• Exercise
In your copy of the data, omit the pictures and keep all else exactly as given.

• Information supplied
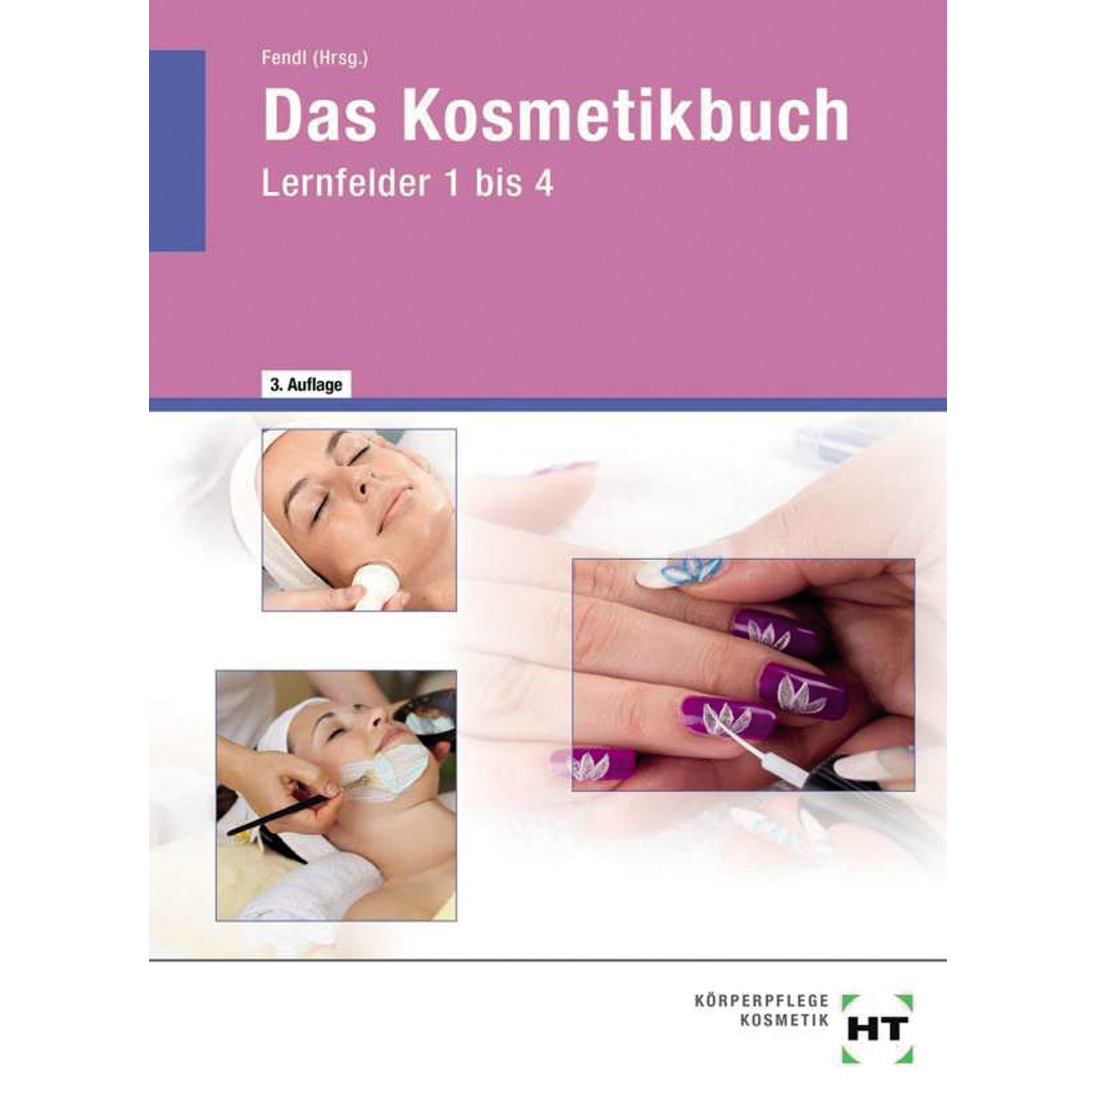 das-kosmetikbuch-in-lernfeder-1-4-_21178
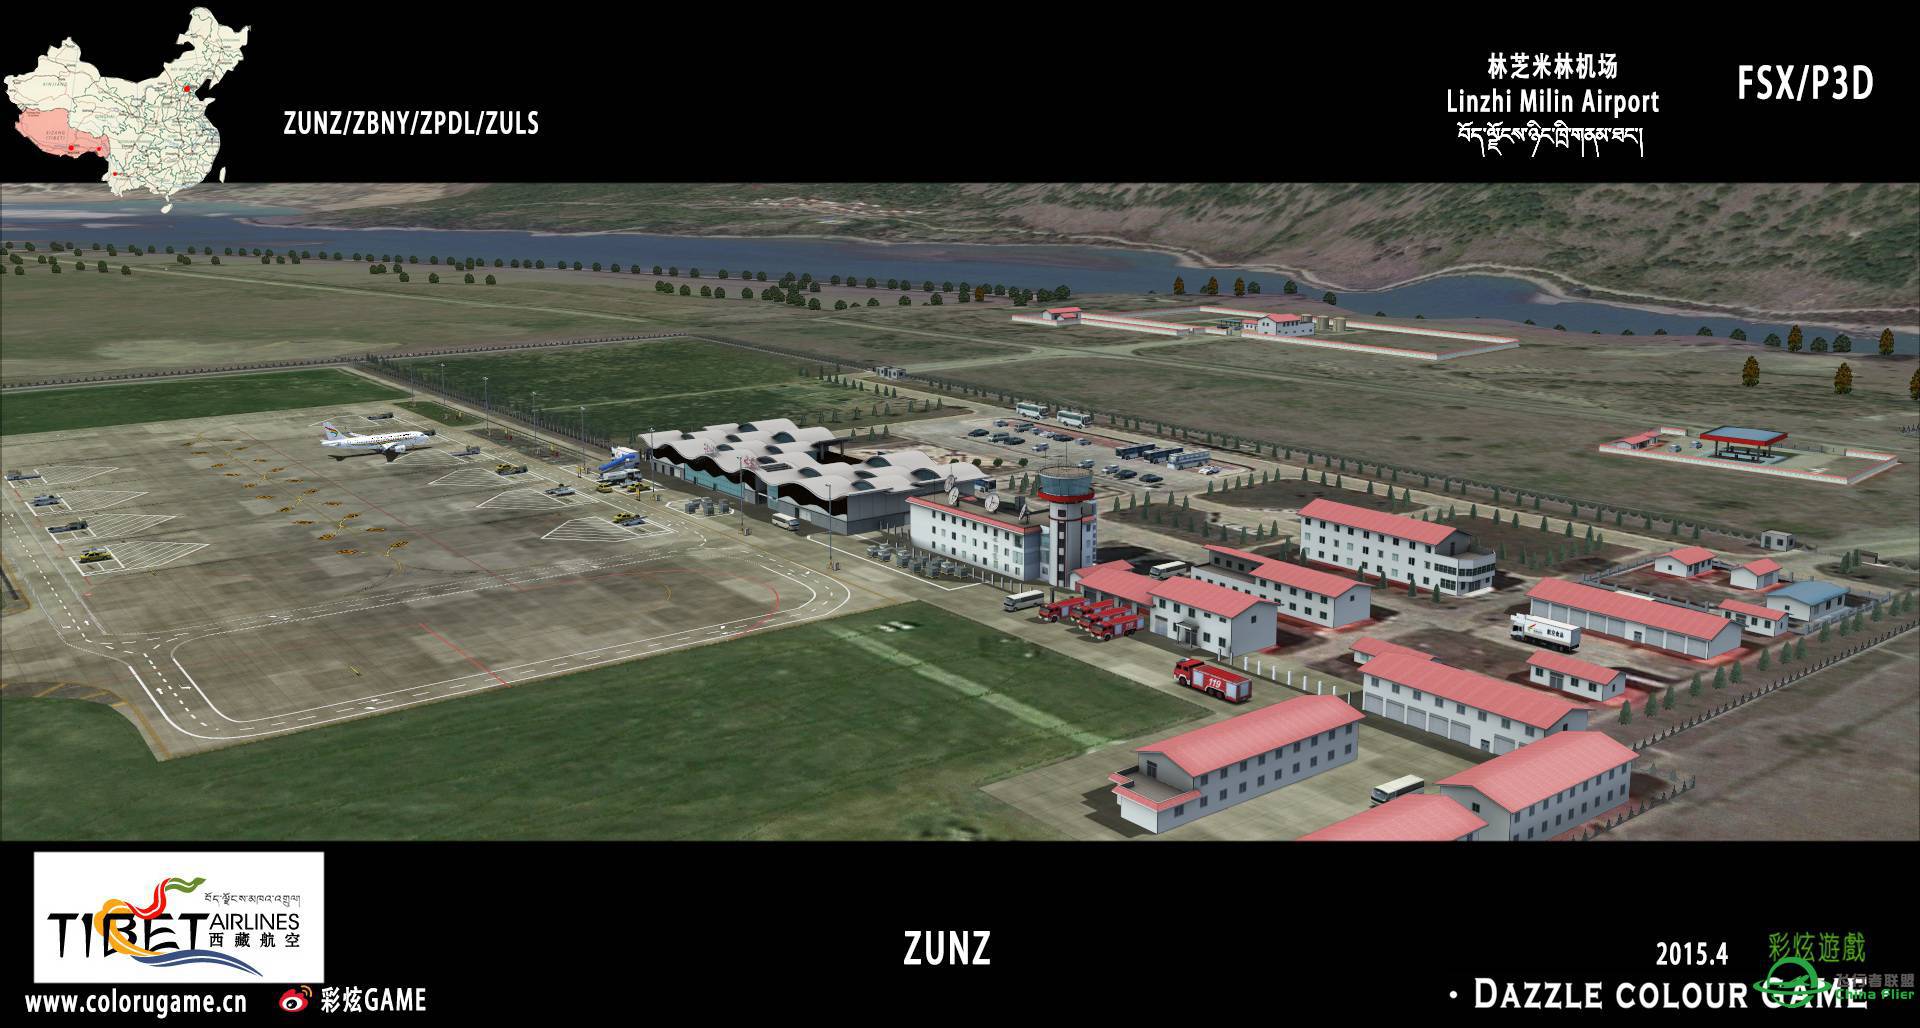 彩炫地景：林芝米林机场（ZUNZ）正式发布！-8309 
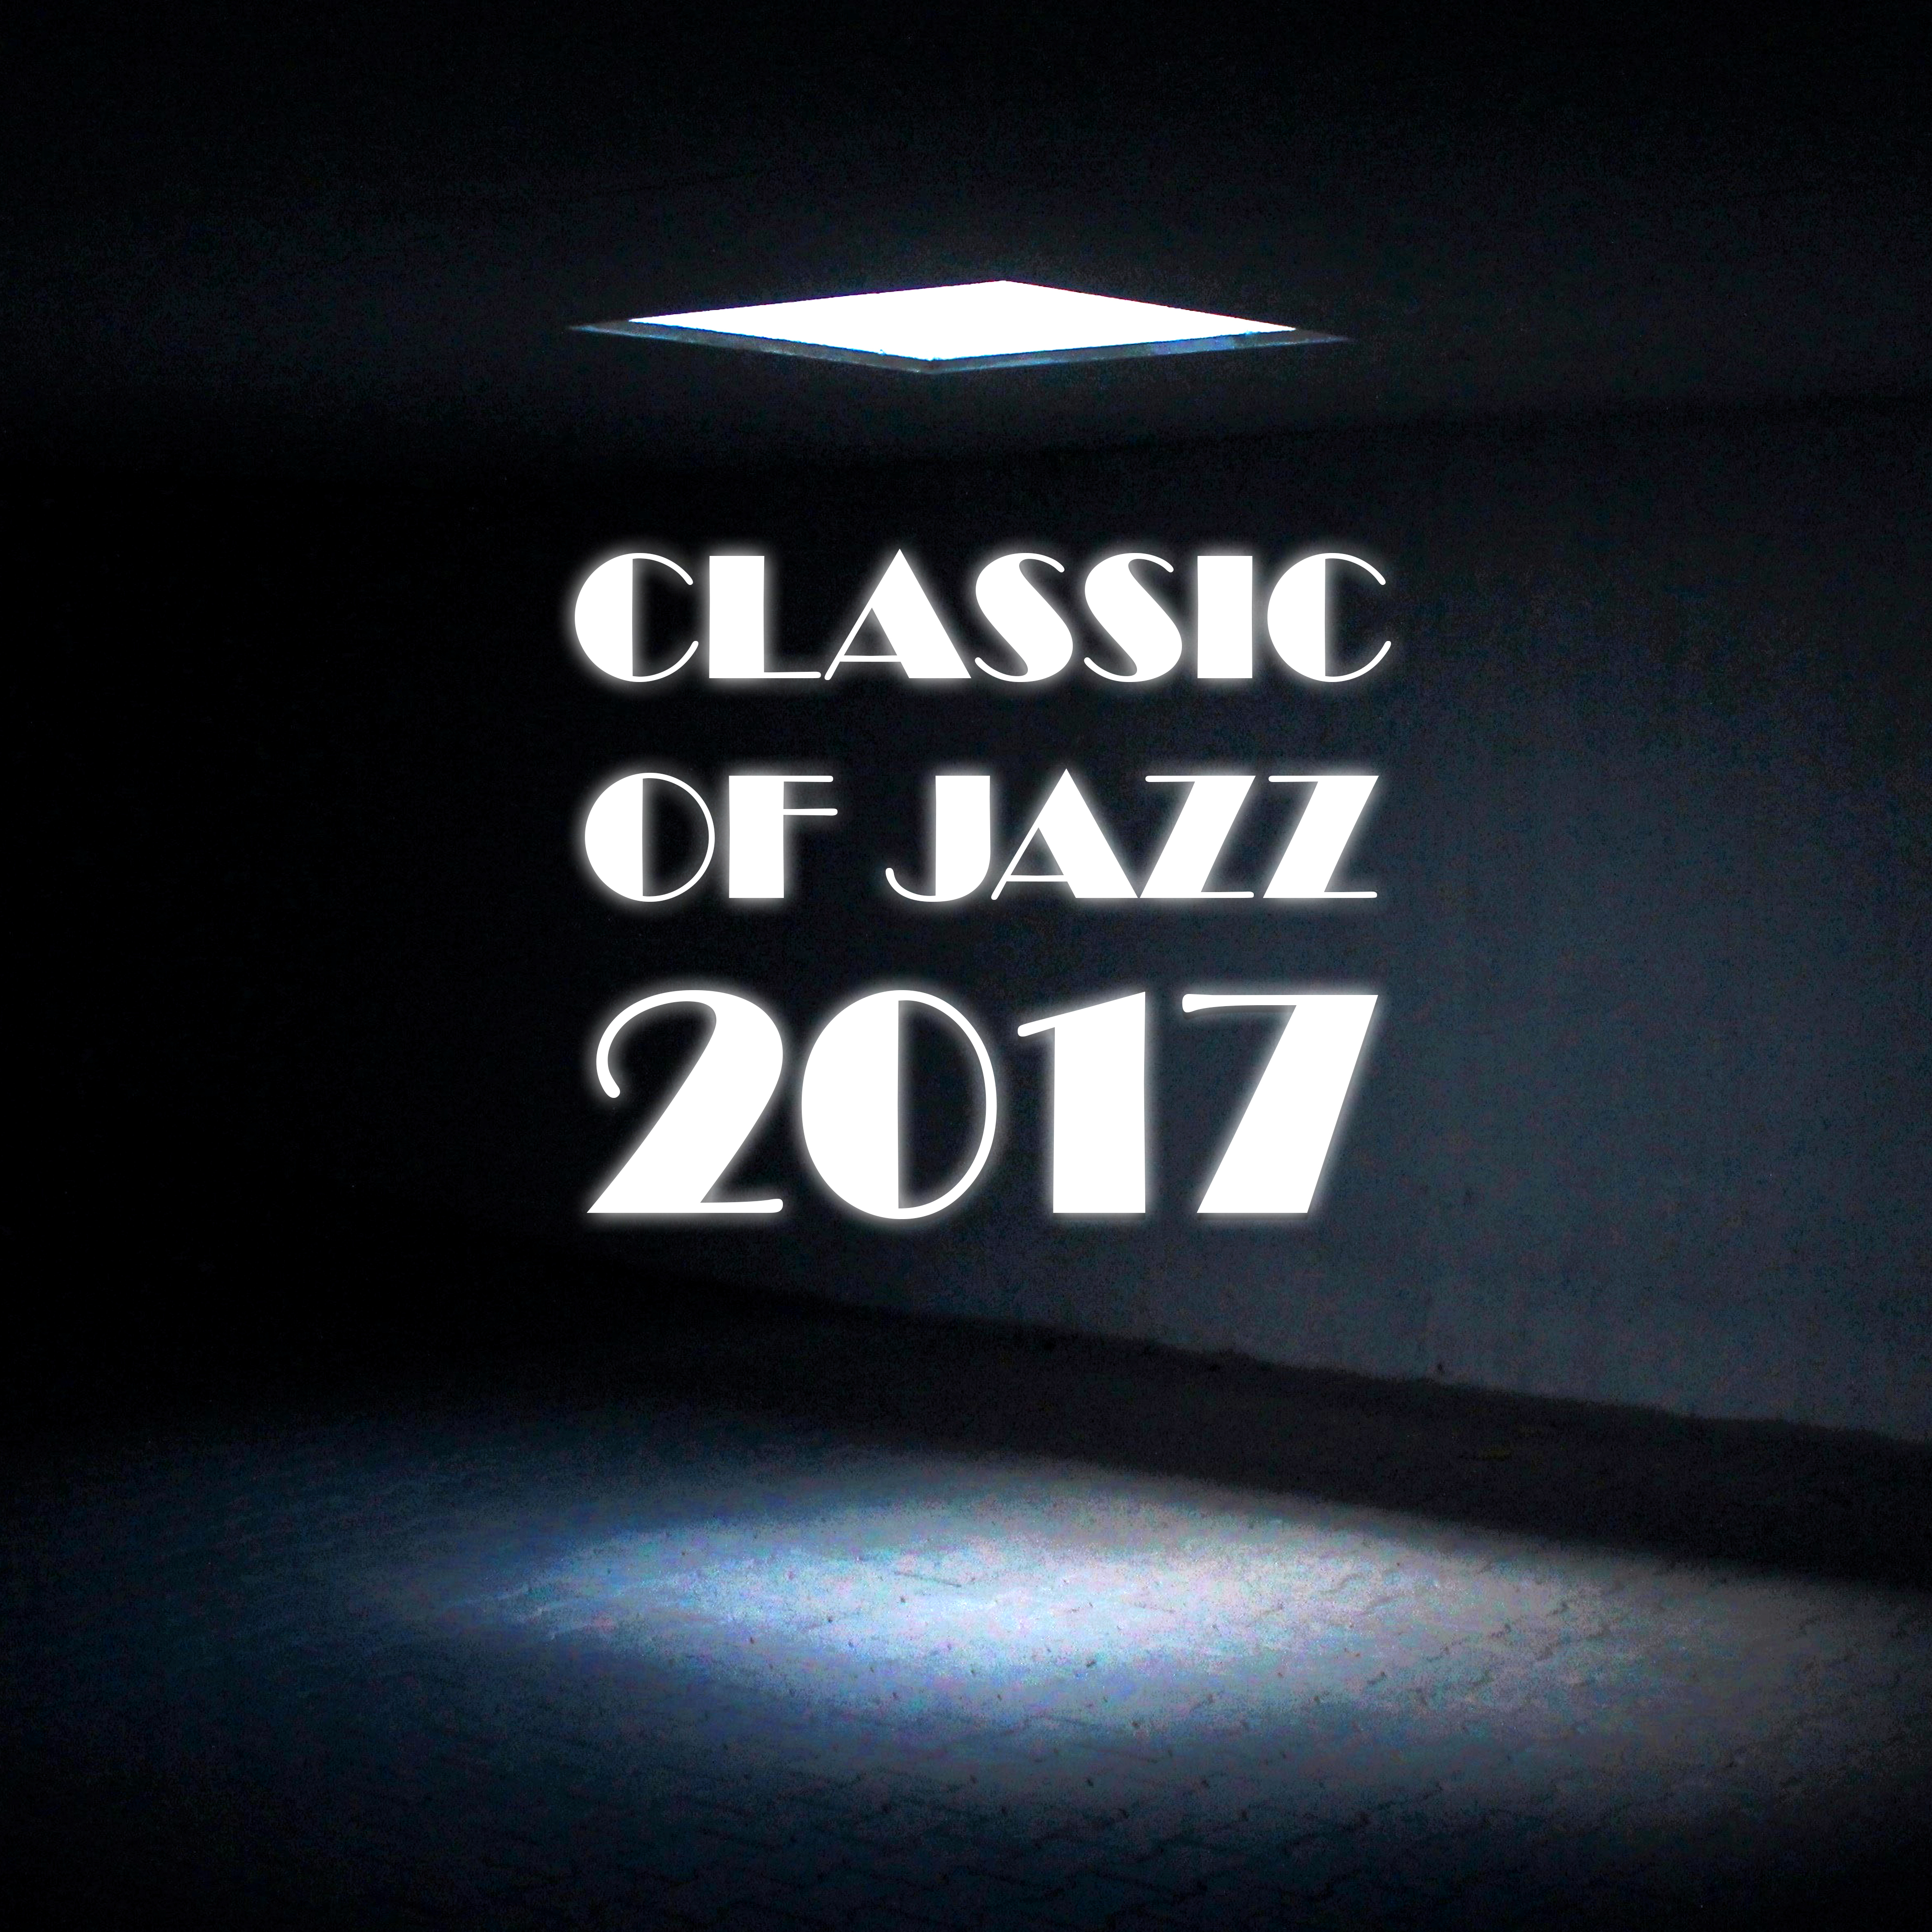 Classic of Jazz 2017

• Response to the task
 das-kosmetikbuch-in-lernfeder-1-4-_21178
 彩炫地景：林芝米林机场（ZUNZ）正式发布！-8309 
 Classic of Jazz 2017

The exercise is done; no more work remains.